2) Crypto: Soft bounce after a tough three months

Major coins (7D performance)

  • Bitcoin (BTC): $67,249
    • 7D: +1.39%, 30D –5.13%, 90D –26.50%
  • Ethereum (ETH): $2,062
    • 7D: +3.47%, 30D –0.51%, 90D –34.38%

Why so sluggish?

  1. High‑rate, strong‑dollar headwinds

    • In a world where Treasuries and cash now pay meaningful interest and the Fed is in no rush to cut, non‑yielding, high‑volatility assets like Bitcoin look less compelling on a risk‑adjusted basis. (reddit.com)
  2. Mixed signals from regulation and institutional adoption

    • There are eye‑catching developments – such as moves toward bitcoin‑backed bonds or new legal fights over crypto classifications – but no single story this week was strong enough to overpower the macro headwinds. (ts2.tech)

Why it matters for you

  • If you ramped up crypto allocations in the last quarter, your portfolio is likely carrying significantly higher volatility today.
  • This week’s small bounce looks more like a technical rebound in a downtrend than the start of a new bull market, especially while oil is spiking and the Fed is on hold.

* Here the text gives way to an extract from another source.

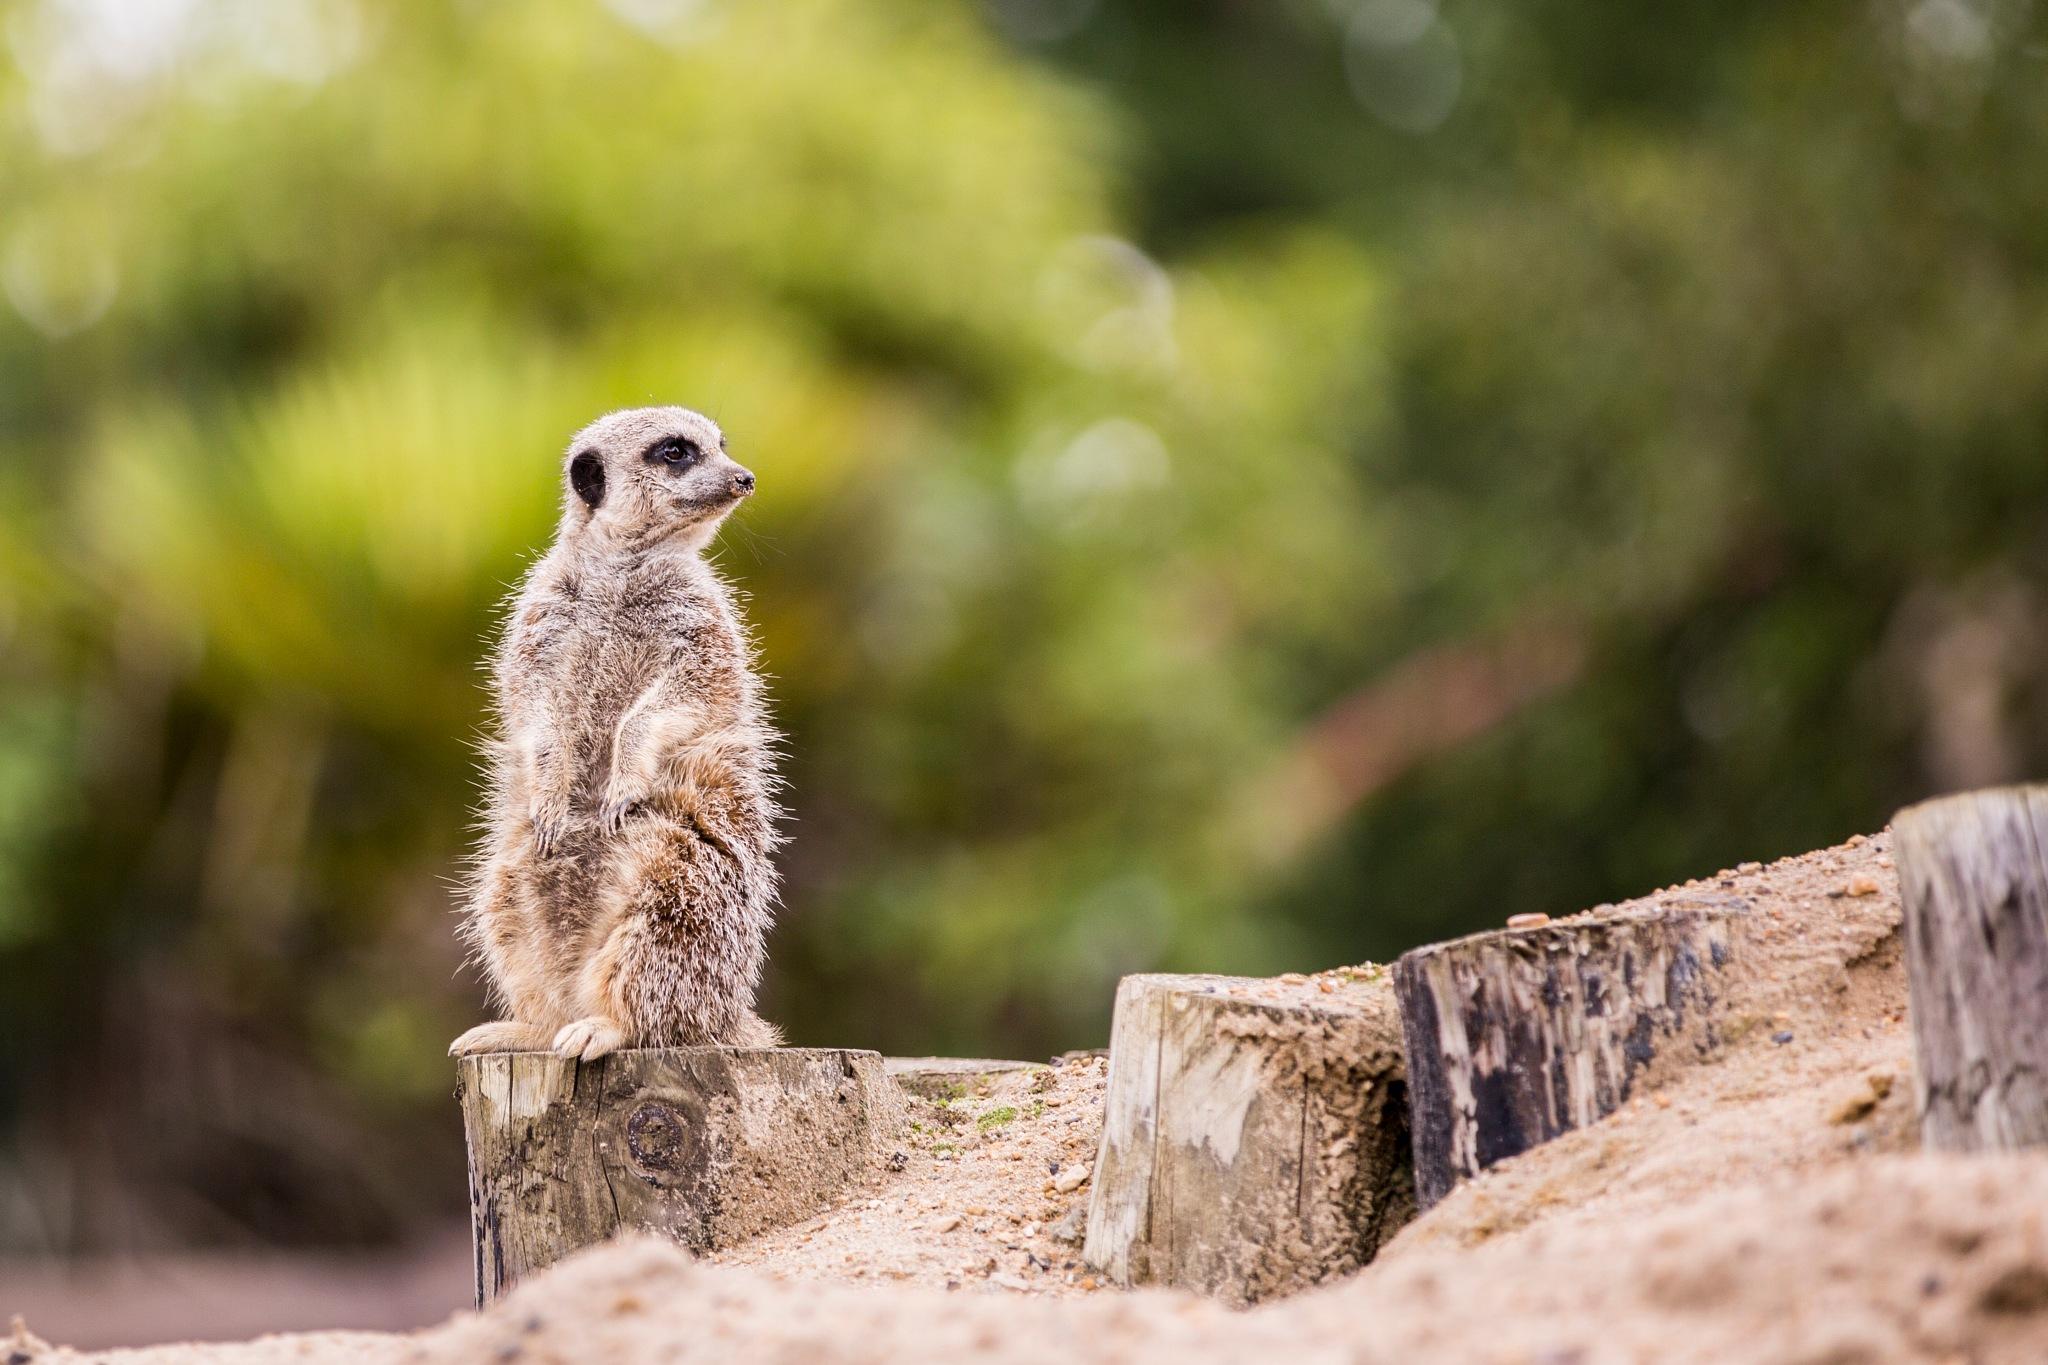 Meerkat on Watch by Gareth Sawbridge

Final session (1D) snapshot

  • On the last day of the week, BTC +0.44% and ETH +0.43% – a calm session that barely dents the sizable three‑month drawdown.

What to Watch Next Week: Jobs, Inflation, and Hormuz

Three main drivers are on deck for the coming week:

  1. Labor data after the March payrolls release

    • The March nonfarm payrolls report (released April 3) sets the tone, and markets will parse follow‑up labor metrics for signs of either gradual cooling or sudden weakness. (gramercy.com)
    • A sharp slowdown could pull yields down and support bonds, while a resilient labor market could extend the higher‑for‑longer narrative.
  2. Inflation data – CPI, PPI, and then PCE on April 10

    • The Fed pegs 2026 inflation at about 2.7%, but some forecasters see a path toward 4%+ if energy stays hot. (fool.com)
    • Next week’s prints will help answer: “Is this oil‑driven flare‑up, or a broader inflation re‑acceleration?”
    • The answer will shape the direction of Treasury yields, the dollar, and growth stocks.
  3. The Iran–Strait of Hormuz deadline around April 6

    • A meaningful de‑escalation could spark a sharp pullback in oil, ease inflation fears, and support risk assets.
    • Escalation or missed deadlines could mean even higher oil, renewed pressure on stocks, and another leg higher for yields. (gramercy.com)

Bottom line: This is a time to check your speed, not floor the gas

This week looked like a market catching its breath after March’s shock:

  • Yields dipped from very elevated levels but stayed high,
  • The dollar remained firm,
  • Oil surged into the geopolitical deadline,
  • Stocks and crypto bounced, but not enough to erase recent damage.

For most investors, the focus now should be less on calling the exact bottom or top and more on:

  • Ensuring your portfolio can handle more volatility,
  • Avoiding excessive leverage in a headline‑driven market,
  • Watching how the three main forces – rates, inflation, and war – interact over the next few weeks.

This content is for informational purposes only and does not constitute a recommendation to invest in any specific security or asset.